Plug Power provided a 13 page shareholder letter that covered a huge number of deals, but other than trying to convince me that the company has all bases covered and is the only real player on top of the industry, I came away without a sense of overall corporate purpose nor how the business is going to become successful. Hydrogen is hard because there are so many hidden agendas and so much hype, Government largesse, and suspension of reality. Deals are important, but there needs to be a substantial business opportunity that can be grasped to describe what makes Plug Power investable.
Some things are clear. For example, Plug Power has a fuel cell product that is suited to small applications like forklifts and light vehicles. Perhaps recognising the problem of fueling its fuel cell products, PLUG is now seeking to deliver not only the hydrogen powered systems, but also a green hydrogen supply chain. The question is whether it can deliver on these promises.
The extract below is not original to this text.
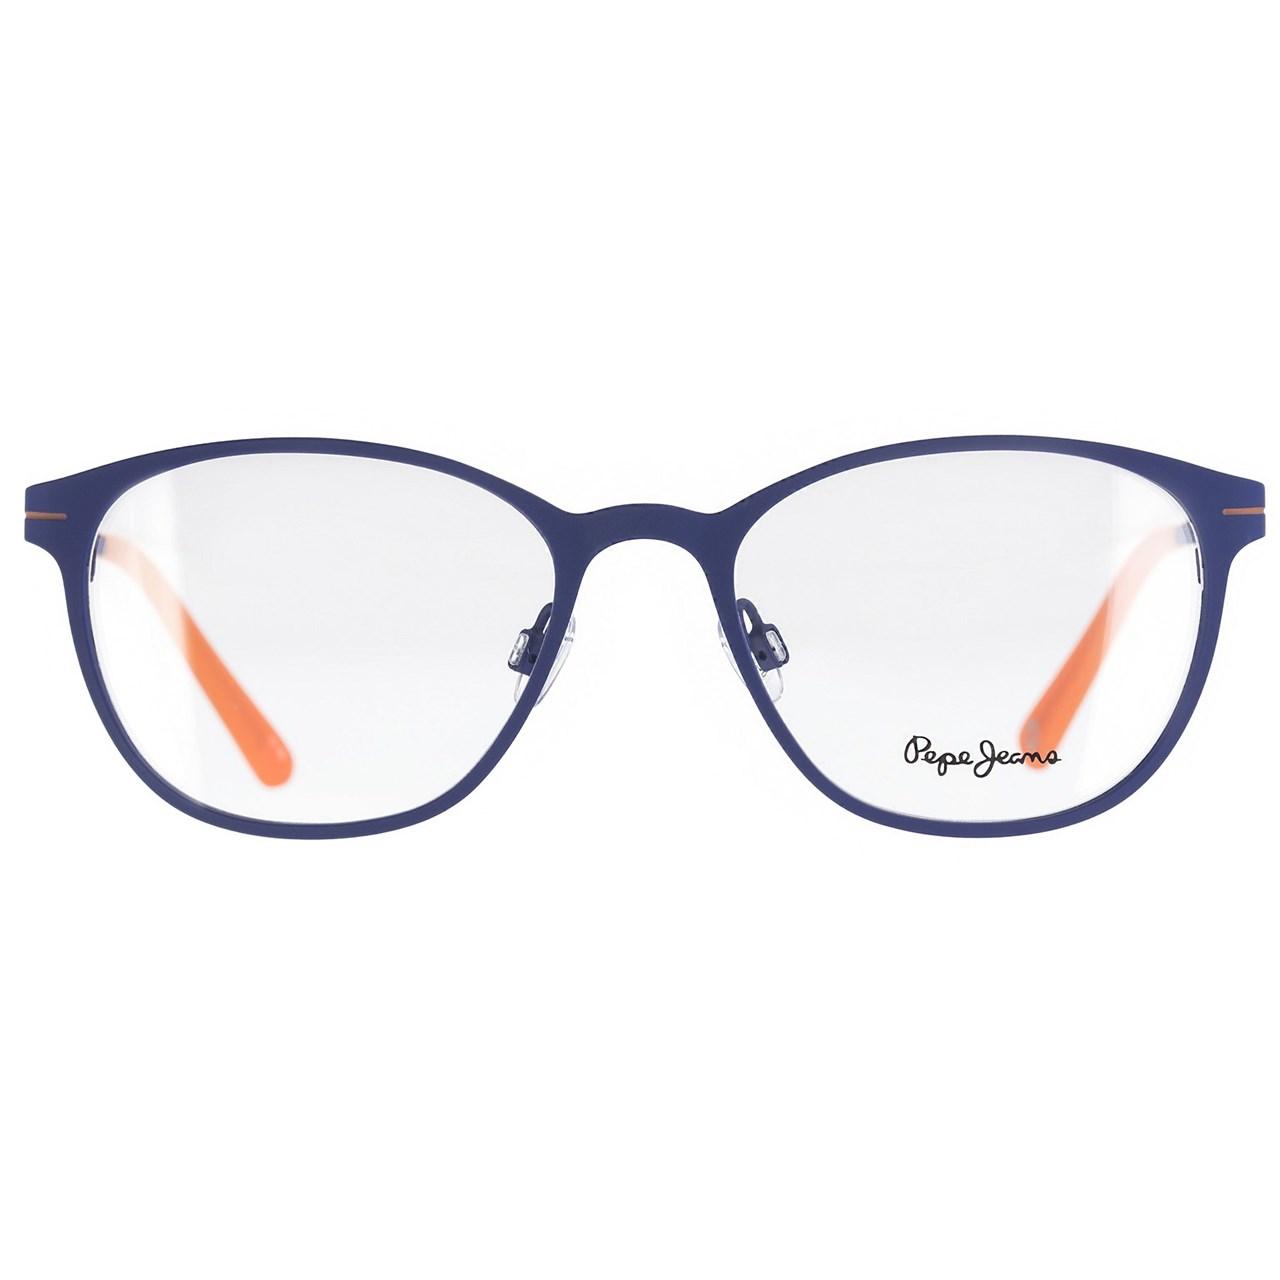 عینک طبی پپه جینز مدل PJ1231C452

Unlike some emerging businesses, like for example, Enphase (ENPH), which have identified a powerful suite of products in the clean energy sector and are getting on with growing a profitable business, PLUG has worked hard on big name partnerships to help drive its share price and the prominence of its business. The question is one of details. For example will building hydrogen infrastructure and partnerships on fuel cell powered fork lift trucks, and potentially in the light commercial vehicle sector, deliver profitable business outcomes. At the end of the day a company needs profitable products and services.
I’m a big fan of earnings transcripts because they give investors a sense of how senior management views the company and what occupies their attention. For me as an investor this influences how I think about potential investments. It has stood me in good stead for various investments in solar (e.g., Enphase, SunPower (SPWR), First Solar (FSLR)), wind power (e.g., Vestas Wind Systems (OTCPK:VWDRY)) and electric car makers (e.g., BYD Group (OTCPK:BYDDF)). In all of these companies I’ve been impressed with the quality of management and how they are approaching growing their businesses. By investing early in these companies I’m a happy investor and I remain invested because these companies have a future in my opinion.
If you accept the hype about hydrogen, this is a huge emerging opportunity and Plug Power is a prominent company in the space that is well funded. So I tackled PLUG’s recent Q4 2021 earnings transcript expecting to see lots of interesting stuff.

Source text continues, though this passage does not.